Washington provides interim guidance explaining new tax treatment for live presentations starting October 1, 2025

The Washington Department of Revenue released interim guidance stating that, starting October 1, 2025, a live presentation sold to a consumer is a retail sale. Sellers owe retailing B&O tax and must collect retail sales tax. The department describes a taxable live presentation as a real-time lecture, seminar, workshop, course, or similar event where the presenter and audience exchange information in real time for a fee or other consideration.

The guidance excludes one-on-one instruction, such as tutoring or consulting, and many entertainment events, including concerts, plays, and sporting events, as well as pre-recorded presentations. The department also excludes qualifying K–12 and higher education instruction tied to accreditation. For sourcing, in-person presentations source to the event location. Remote presentations source to each attendee’s physical location when the seller knows the location. If the seller does not know the attendee’s location, the department looks to the attendee’s home or business address in the seller’s records, then the billing address. For one purchaser paying for multiple remote attendees in multiple locations, the department instructs sellers to source to attendee locations when known or determinable, and to fall back to the purchaser address or billing address when attendee locations remain unknown, with records to support sourcing.
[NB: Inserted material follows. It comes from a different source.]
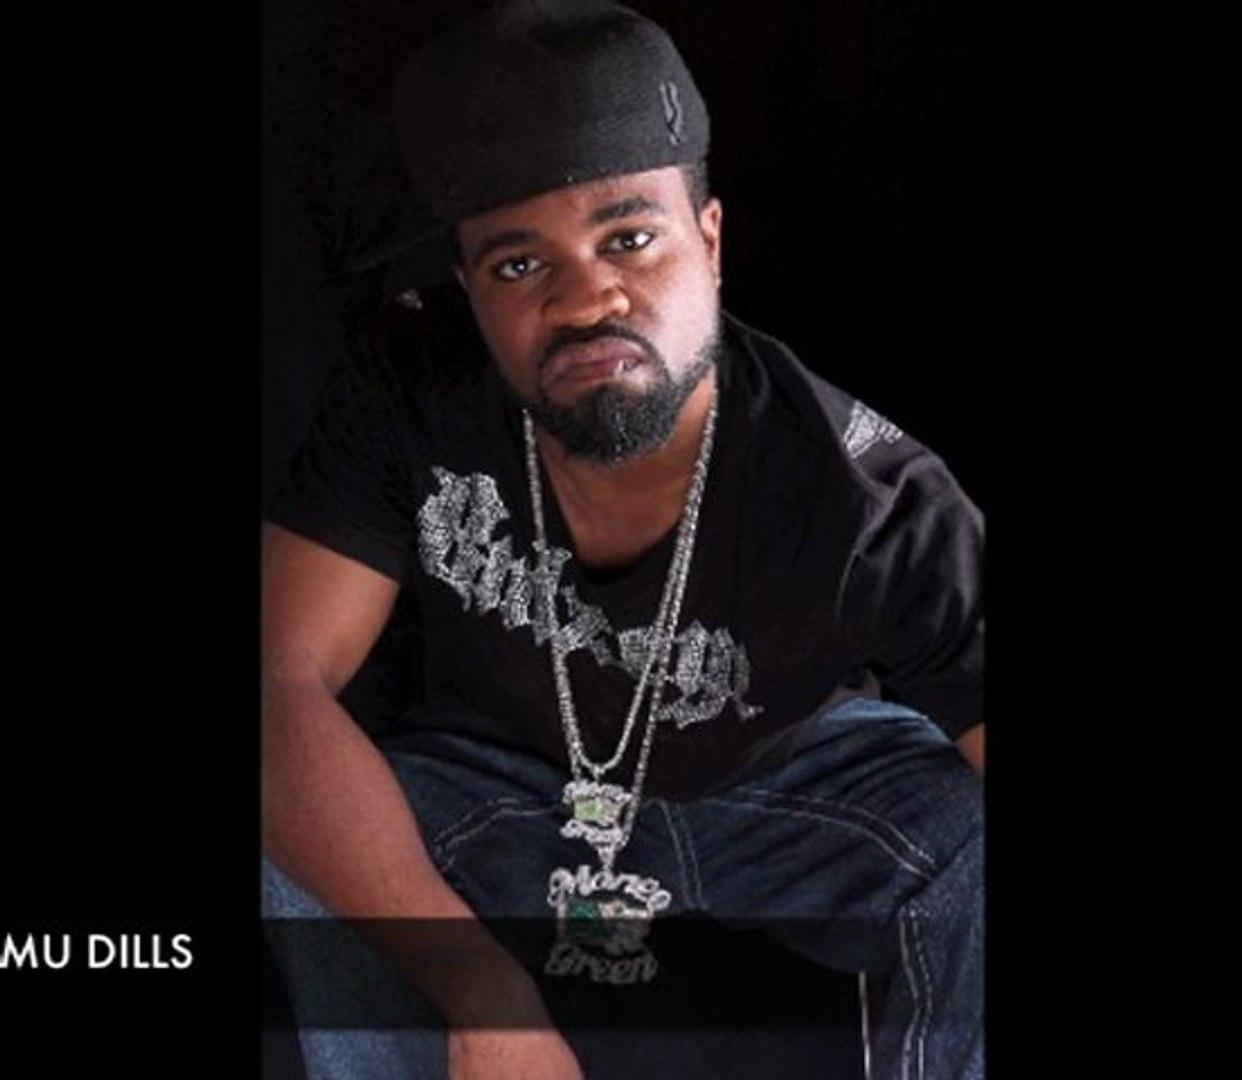 MU DILLS - If I Die Today Part 2 (Lil Wayne rick ross )

The guidance also covers resale and other operational issues. The department allows resale purchases in limited subcontracting situations using a reseller permit when the seller remains contractually responsible to the third-party buyer and no intervening use occurs. The department states the multiple points of use exemption applies if the live presentation also meets the definition of a digital automated service, with digital automated service status determined by the facts. The department states that the multiple points of use exemption does not apply to bundled transactions unless the department’s conditions for taxing the components are met. The department taxes nonprofits under the same retail sale rules as other businesses, with specific B&O deductions in limited situations. The department treats most state and local government purchases as subject to retail sales tax. The department excludes certain sales between members of an affiliated group from retail sale treatment when statutory requirements are met, thereby shifting the transaction to a service B&O classification.

Interim guidance statement regarding changes made by ESSB 5814 for live presentations, Washington Department of Revenue, September 12, 2025.